Inherit from PredictiveTask whenever you want to make use of the structured generation capabilities in sieves. PredictiveTask requires you to implement a few methods that define how your task expects results to be structured, how few-shot examples are expected to look like, which prompt to use etc.

We'll break down how to create a predictive task step by step. For this example, let's implement a sentiment analysis task using outlines.

1. Implement a `Bridge`

A Bridge defines how to solve a task for a certain engine. We decided to go with outlines as our engine (you can allow multiple engines for a task by implementing corresponding bridges, but for simplicity's sake we'll stick with DSPy only here).

A Bridge requires you to implement/specify the following: - A prompt template (optional depending on the engine used). - A prompt signature description (optional depending on the engine used). - A prompt signature describing how results have to be structured. - Which inference mode to use. This defines how to engine queries the model and parses the results. - How to integrate results into docs. - How to consolidate results from multiple doc chunks into one result per doc.

We'll save this in sentiment_analysis_bridges.py.

from collections.abc import Iterable
from functools import cached_property

import pydantic

from sieves.data import Doc
from sieves.engines import EngineInferenceMode, outlines_
from sieves.tasks.predictive.bridges import Bridge


# This is how we require our response to look like - we require not just the score, but also a reasoning/justification 
# for why this model assigns this score. We also force the score to be between 0 and 1.
class SentimentEstimate(pydantic.BaseModel):
   reasoning: str
   score: pydantic.confloat(ge=0, le=1)


# This is the bridge class.
class OutlinesSentimentAnalysis(Bridge[SentimentEstimate, SentimentEstimate, EngineInferenceMode]):
    # This defines the default prompt template as Jinja2 template string.
    # We include an example block allowing us to include fewshot examples.
    @property
    def _prompt_template(self) -> str | None:
        return """
        Estimate the sentiment in this text as a float between 0 and 1. 0 is negative, 1 is positive. Provide your 
        reasoning for why you estimate this score before you output the score.

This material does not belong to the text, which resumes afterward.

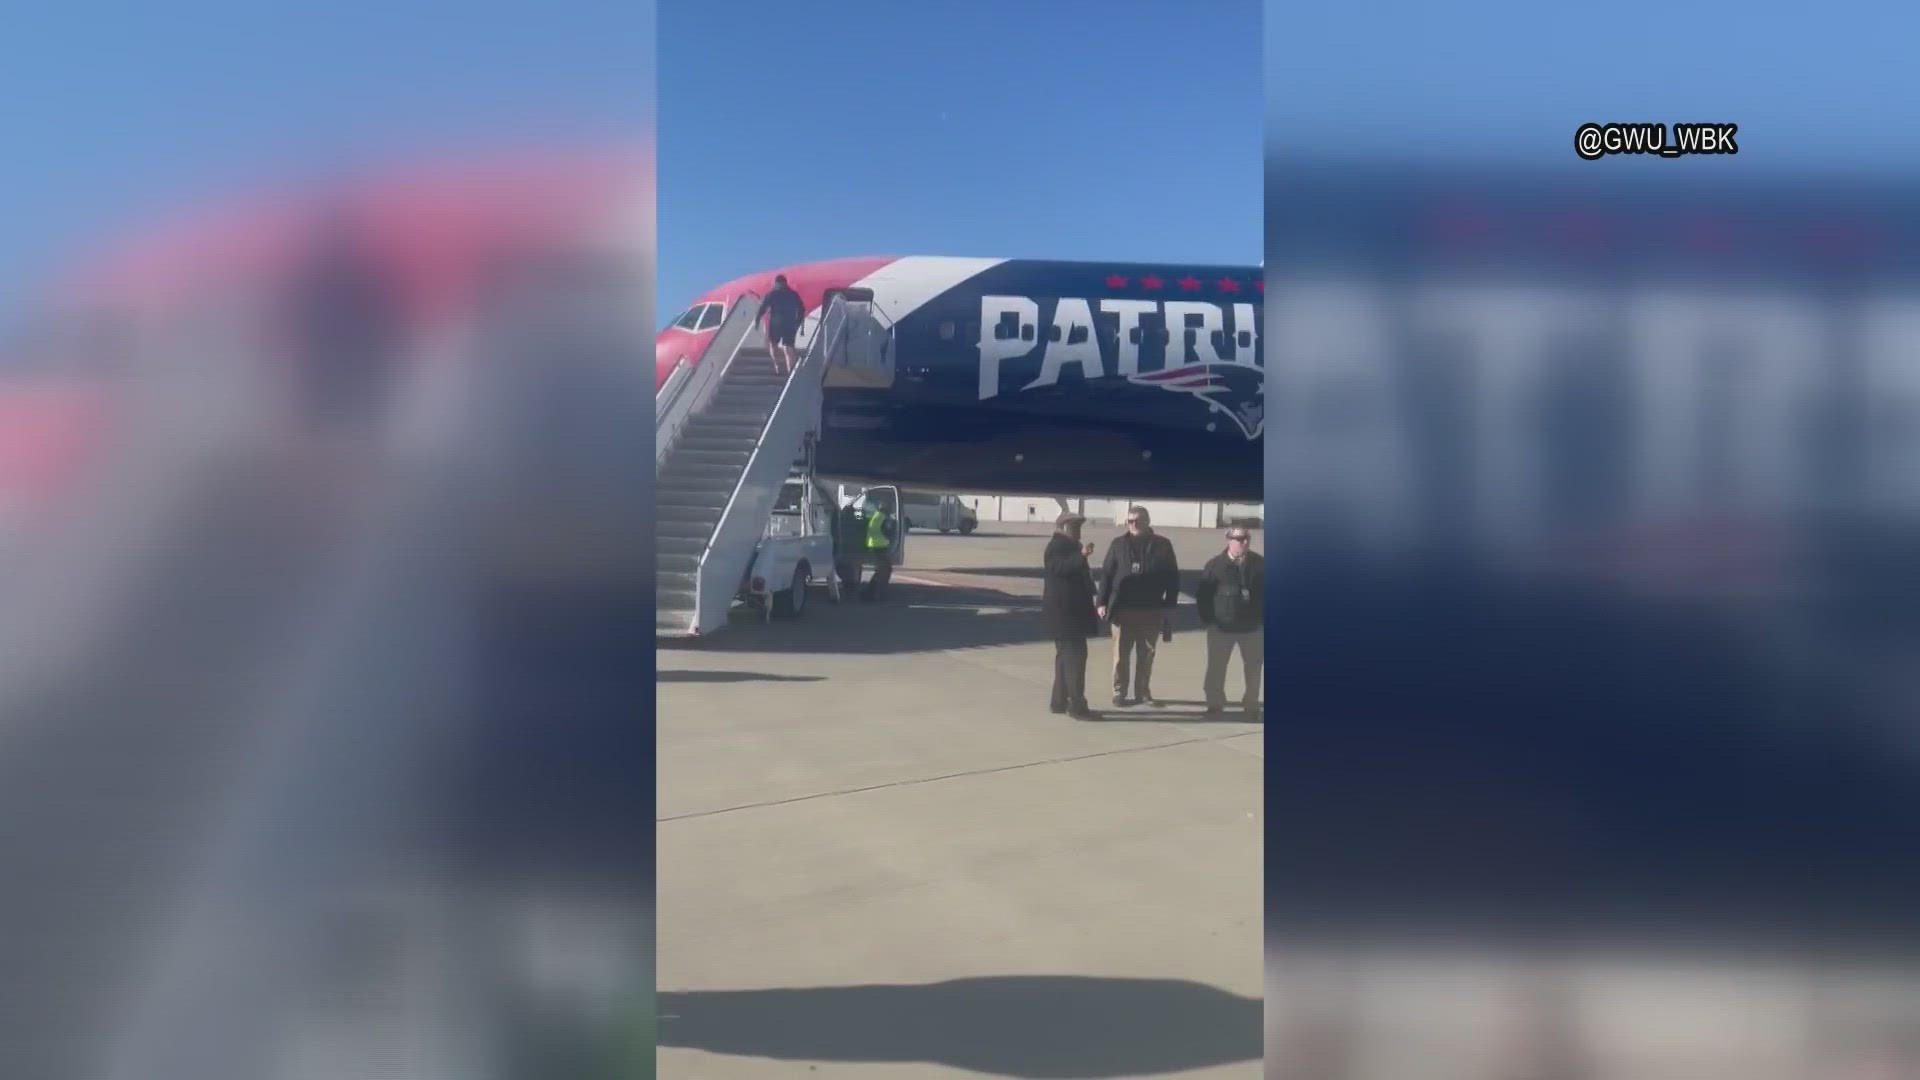 That's right: the team flew on the same chartered plane used by the Patriots!

        {% if examples|length > 0 -%}
            Examples:
            ----------
            {%- for example in examples %}
                Text: "{{ example.text }}":
                Output:
                    Reasoning: "{{ example.reasoning }}":
                    Sentiment: "{{ example.sentiment }}"
            {% endfor -%}
            ----------
        {% endif -%}

        ========
        Text: {{ text }}
        Output: 
        """

    # Outlines doesn't make use of a prompt signature description, hence we return None here. 
    @property
    def _prompt_signature_description(self) -> str | None:
        return None

    # We return our SentimentEstimate as prompt signature. 
    @cached_property
    def prompt_signature(self) -> type[pydantic.BaseModel]:
        return SentimentEstimate

    # Outlines as a JSON mode, which allows complex return objects to be specified and parsed as Pydantic objects.
    @property
    def inference_mode(self) -> outlines_.InferenceMode:
        return outlines_.InferenceMode.json

    # We copy the result score into our doc's results attribute.
    def integrate(self, results: Iterable[SentimentEstimate], docs: Iterable[Doc]) -> Iterable[Doc]:
        for doc, result in zip(docs, results):
            assert isinstance(result, SentimentEstimate)
            # doc.results is a dict, with the task ID being the key to store our results under for the corresponding 
            # task.
            doc.results[self._task_id] = result.score
        return docs

    # Consolidating multiple chunks for sentiment analysis can be pretty straightforward: we compute the average over 
    # all chunks and assume this to be the sentiment score for the doc.
    def consolidate(
        self, results: Iterable[SentimentEstimate], docs_offsets: list[tuple[int, int]]
    ) -> Iterable[SentimentEstimate]:
        results = list(results)

        # Iterate over indices that determine which chunks belong to which documents.
        for doc_offset in docs_offsets:
            # Keep track of all reasonings and the total score.
            reasonings: list[str] = []
            scores = 0.

            # Iterate over chunks' results.
            for chunk_result in results[doc_offset[0] : doc_offset[1]]:
                # Engines may return None results if they encounter errors and run in permissive mode. We ignore such 
                # results.
                if chunk_result:
                    assert isinstance(chunk_result, SentimentEstimate)
                    reasonings.append(chunk_result.reasoning)
                    scores += chunk_result.score

            yield SentimentEstimate(
               # Average the score.
               score=scores / (doc_offset[1] - doc_offset[0]),
               # Concatenate all reasonings.
               reasoning=str(reasonings)
            )

Our bridge takes care of most of the heavy lifting: it defines how we expect our results to look like, it consolidates the results we're getting back from the engine, and integrates them into our docs.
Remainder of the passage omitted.